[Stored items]
——————————

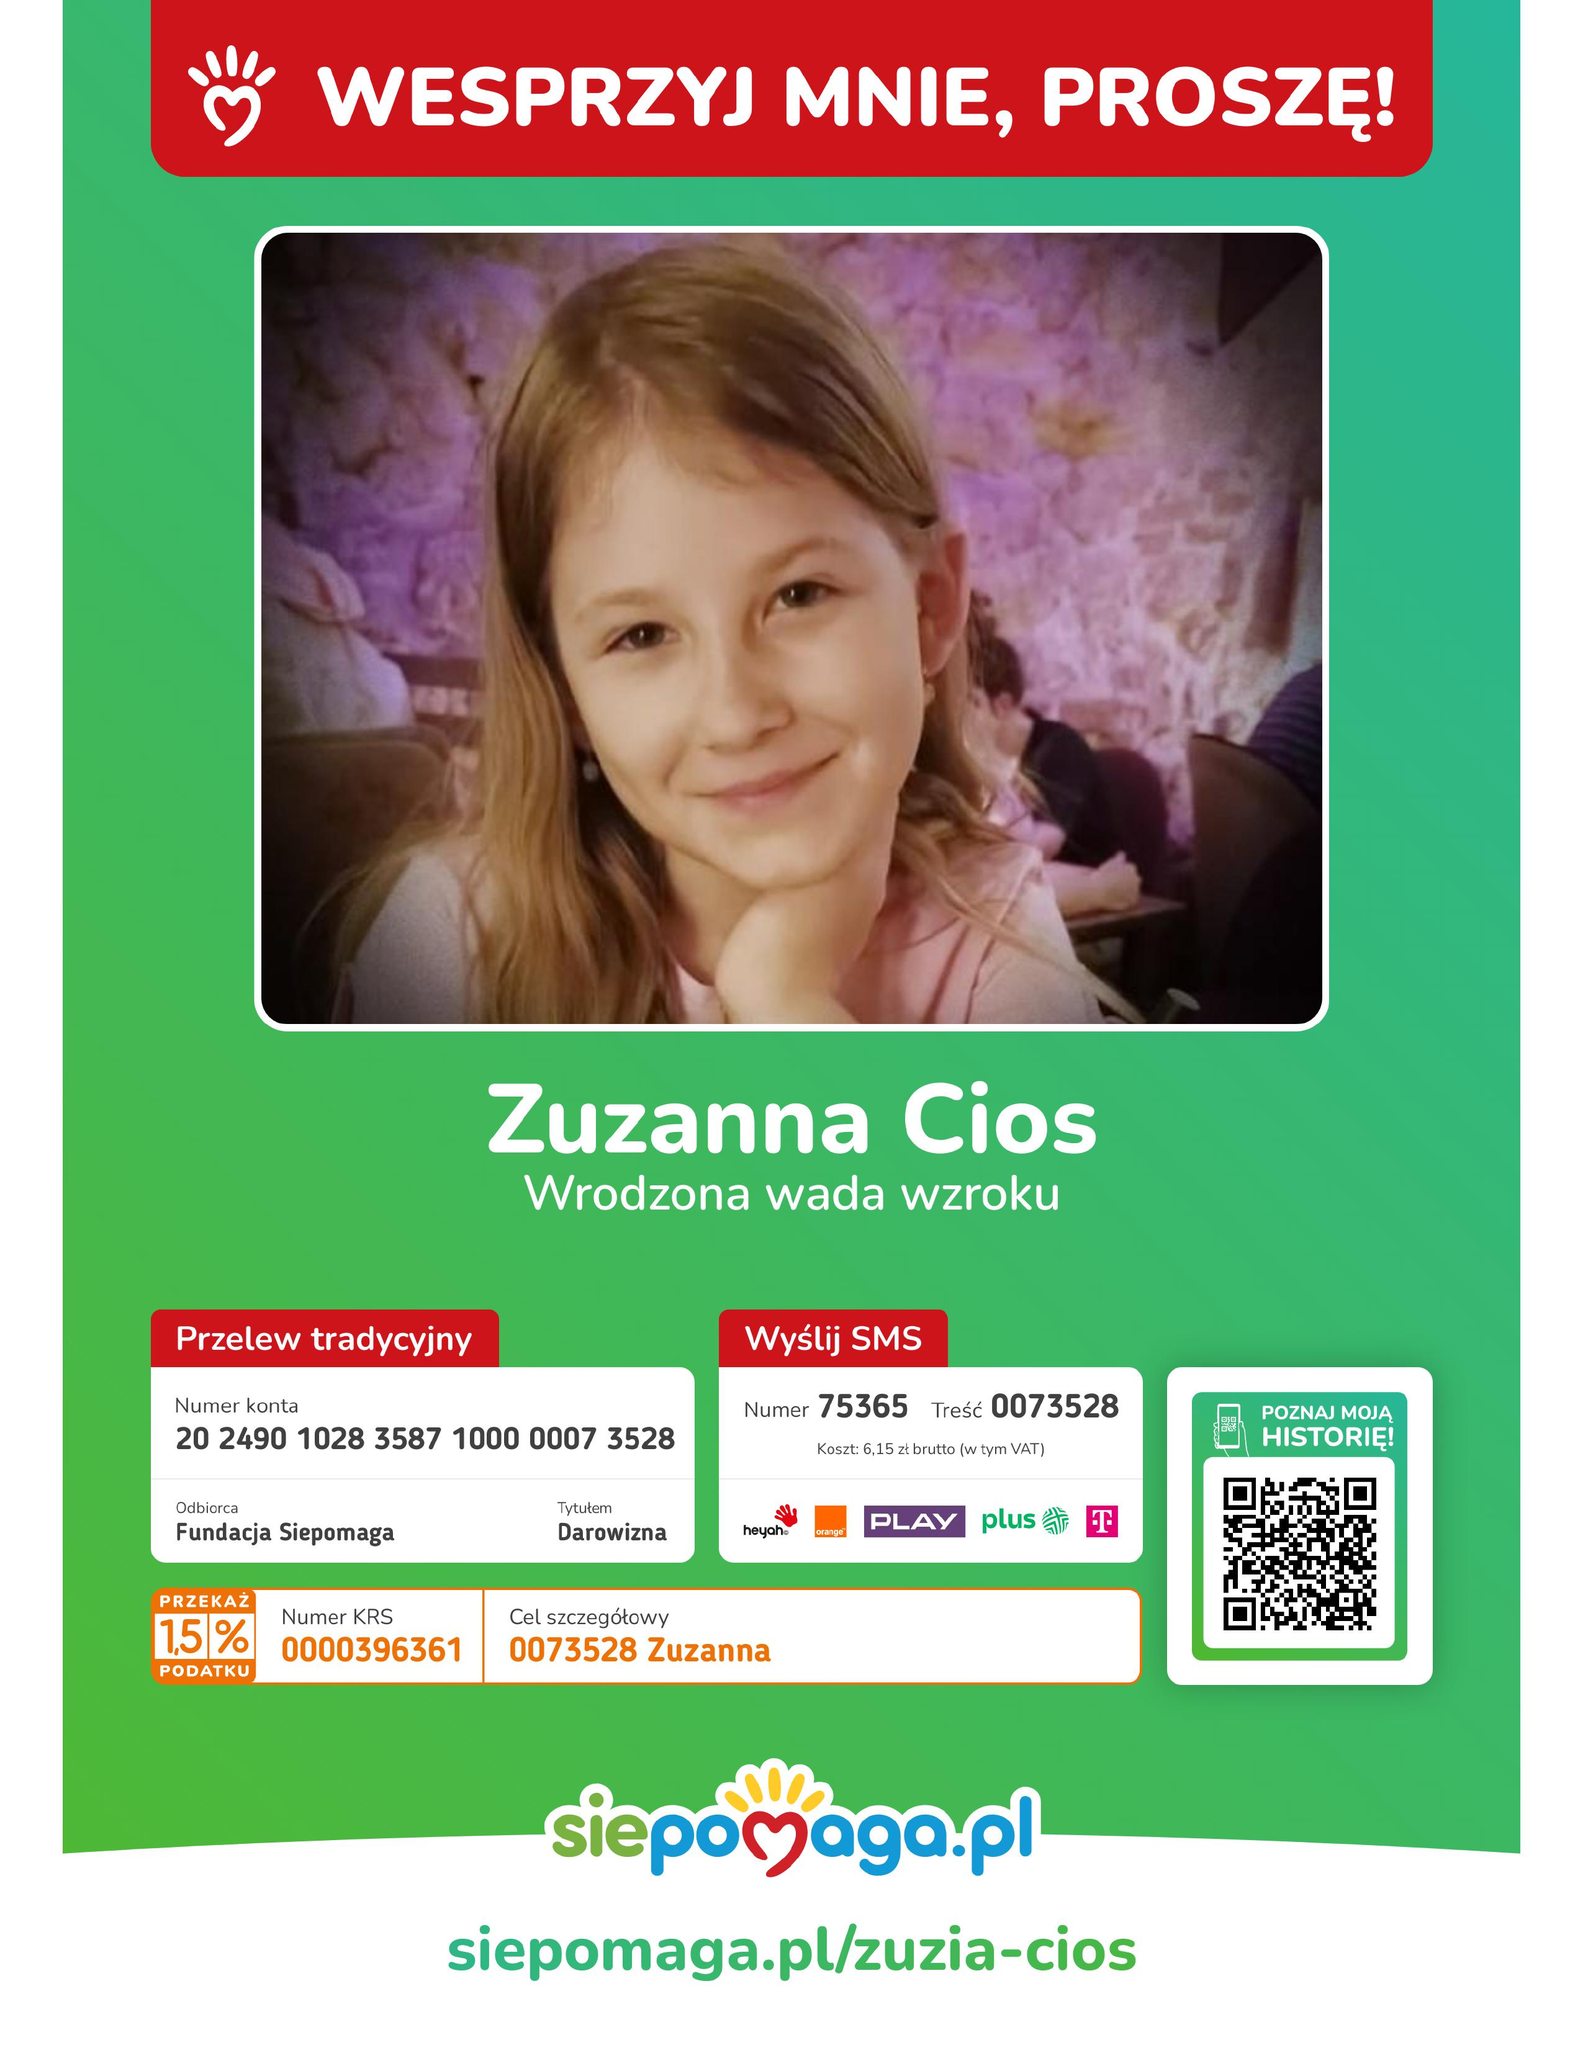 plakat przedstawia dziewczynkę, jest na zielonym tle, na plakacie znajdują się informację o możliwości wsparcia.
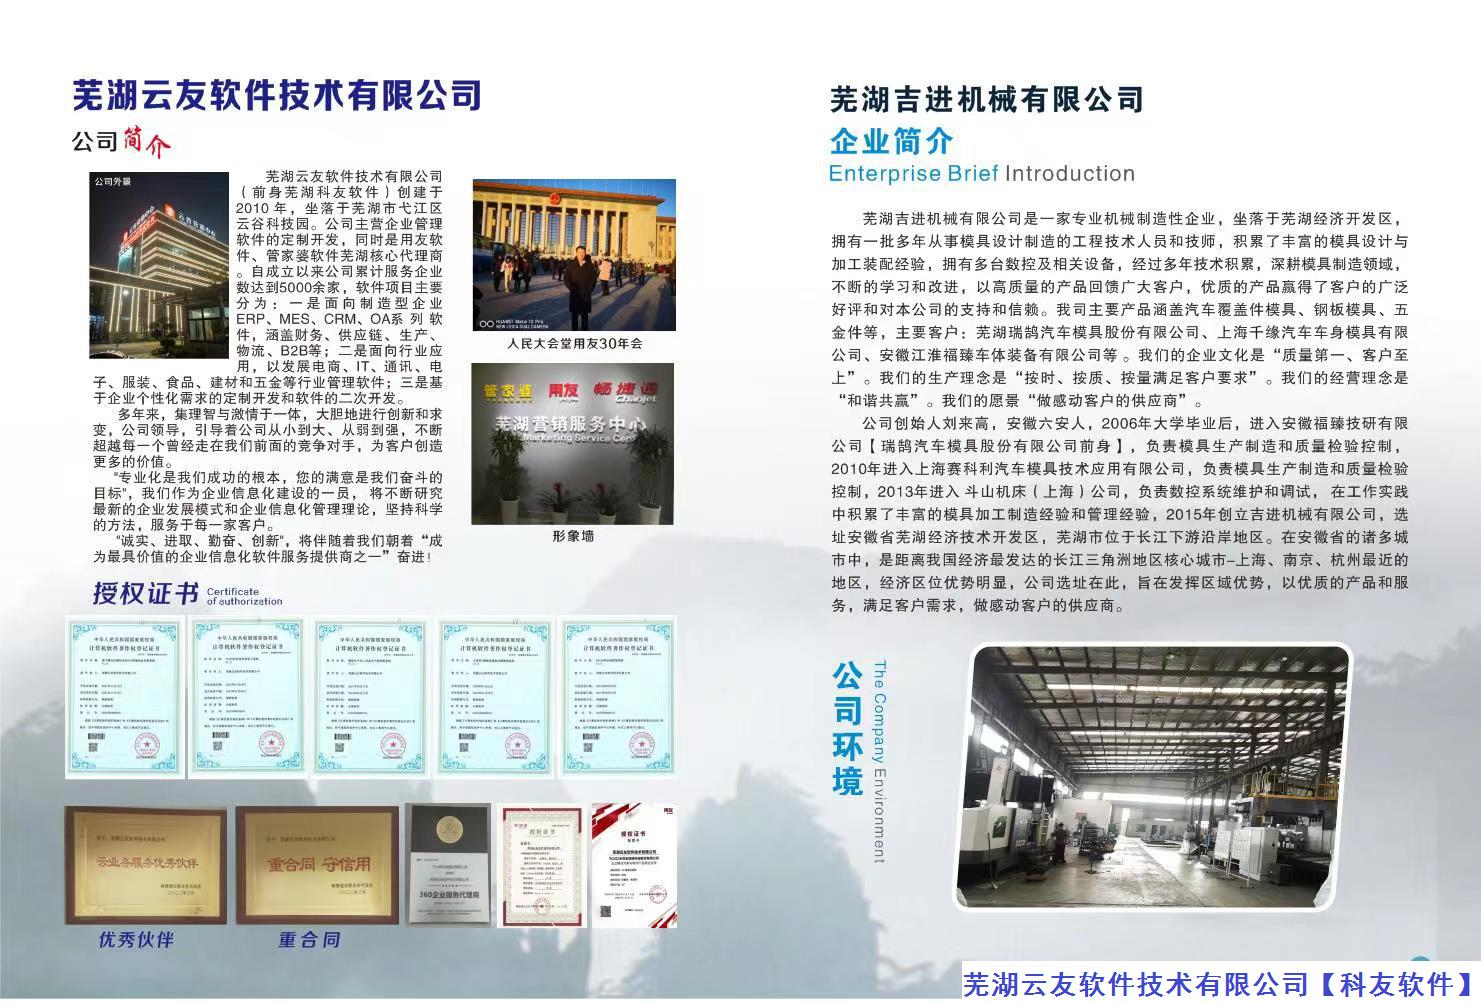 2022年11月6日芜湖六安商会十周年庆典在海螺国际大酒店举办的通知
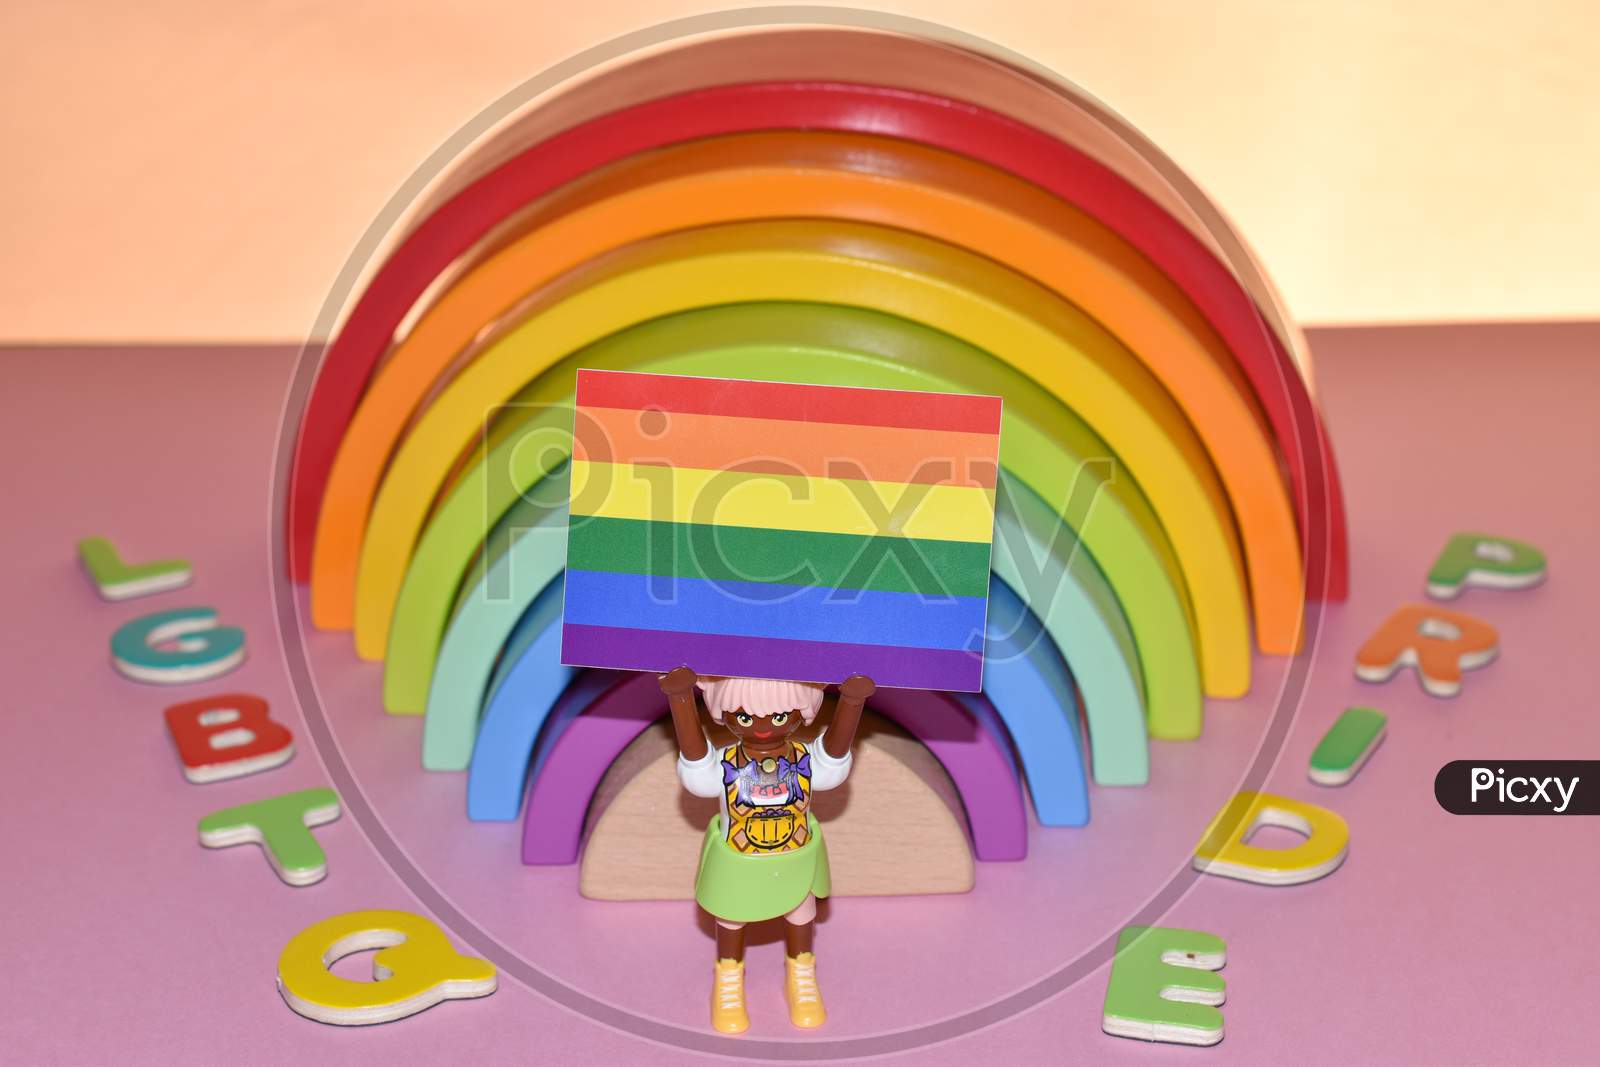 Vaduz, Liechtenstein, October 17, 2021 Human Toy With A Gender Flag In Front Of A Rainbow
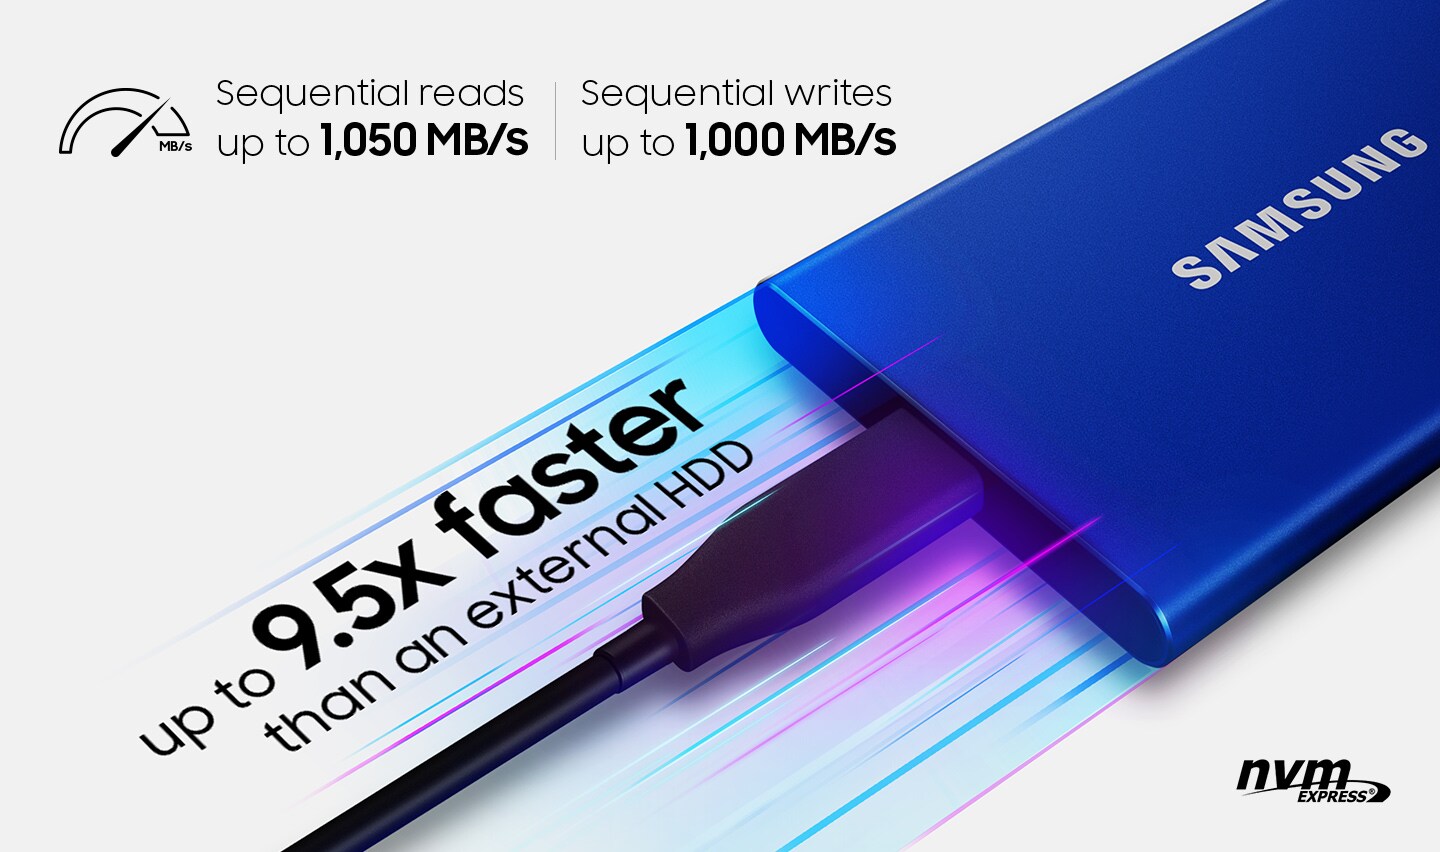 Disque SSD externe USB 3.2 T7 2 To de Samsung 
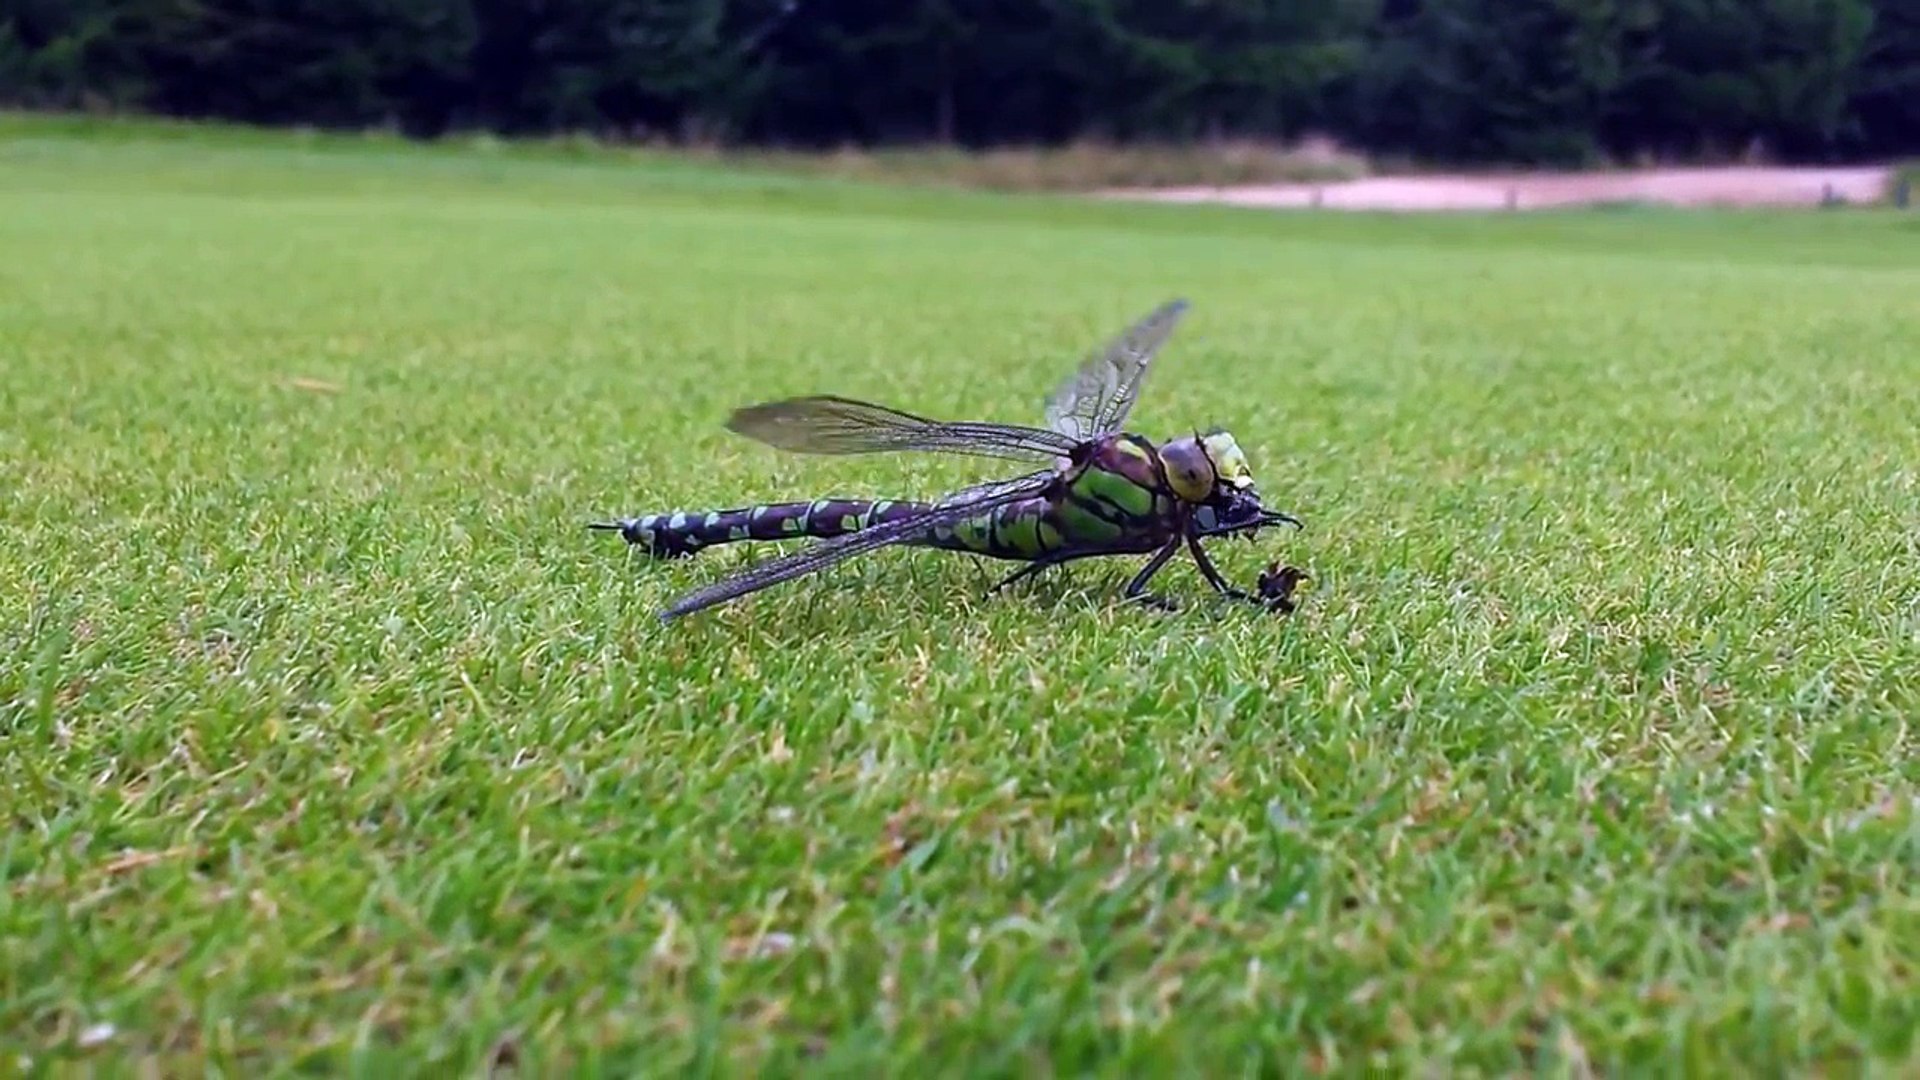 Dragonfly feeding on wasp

——————————

**PROBLEM STATEMENT:** Transcribe each entry exactly, pictures excluded.

**RESULT OF THE EXERCISE:**
 plakat przedstawia dziewczynkę, jest na zielonym tle, na plakacie znajdują się informację o możliwości wsparcia.
 2022年11月6日芜湖六安商会十周年庆典在海螺国际大酒店举办的通知
 Vaduz, Liechtenstein, October 17, 2021 Human Toy With A Gender Flag In Front Of A Rainbow
 Disque SSD externe USB 3.2 T7 2 To de Samsung 
 Dragonfly feeding on wasp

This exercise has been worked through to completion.